Watch the budget and performance committee meeting in full here. X/Twitter: Charles Wright and On London. If you value On London’s coverage of the capital, become a supporter or a paying subscriber to editor and publisher Dave Hill’s personal Substack for just £5 a month or £50 a year. In return you get a comprehensive weekly London newsletter and offers of free tickets to London events.

Categories: News

3 Comments

  1. Lorraine Palmer says:

    I am extremely confused here. Where is the incentive to travel by public transport into central London for work if not required to do so? TfL have increased fares, changed bus routes or curtailed the route and is encouraging travel by bicycle. Tinkering with fares on Monday and Thursday will not encourage a mass of people to come to offices. Perhaps more long term thinking on the impact of decisions would have told you that as people are struggling, trying to extract more out of them will keep them away.

  2. Nick says:

    Exactly: TfL is carrying out making bus services unreliable and (in the case of South London) refusing to provide public transport alternatives to the dangerously congested Northern Line at Clapham North (via its to opposition to providing a Victoria-Dartford service at Clapham High Street Station for example).

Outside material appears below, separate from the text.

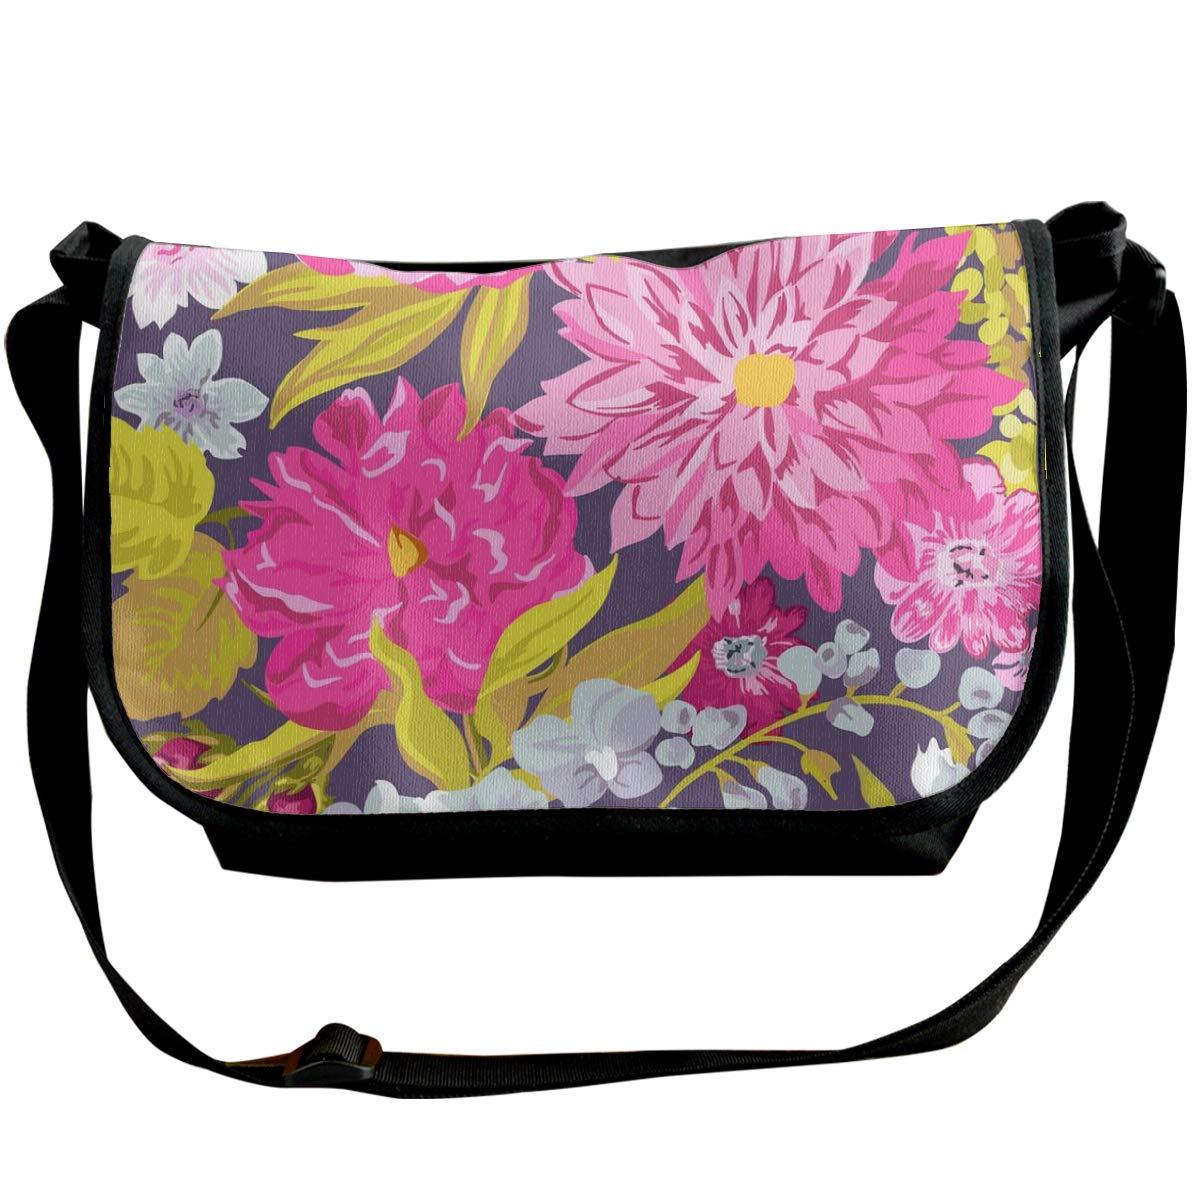 Taslilye Vintage Floral Background Seamless Pattern Customized Wide Crossbody Shoulder Bag For Men And Women For Daily Work Or Travel

    Bus stops are run down with information often missing whilst TfL also refuses to listen to customers. So how does it square its desire for more people to use its services on the one hand whilst steadily making services less appealing or listening to its stakeholders? Either TfL is a public transport body or an extended cycling lobbying group. It cannot effectively be both

  3. Sally Hughes says:

    I agree that fares are becoming too expensive for those that rely on buses (ie have no other transport option). The Cycle Highway4 – along Trafalgar Road and Woolwich Road means that the tiny number of people cycling have taken road space from – essentially – buses, preventing them from moving at a good rate and speed during the morning and afternoon school and work runs.
    TfL also controls these roads. Blackheath Hill is a disaster because of HGVs moving at slow speeds on a steep hill: both in terms of restricting the bus service, and the horrendous pollution they cause.
    LTNs – this is wasted funding, particularly where the needs of residents are such that they are forced to contribute to congestion on the strategic road network, or where there have been measurable limits on ‘switchability’ (ie from cars to active travel). Isn’t it time to review how this kind of money is spent – ie restoring parking for the train services and buses into the more central areas of London, and providing incentives to use public transport?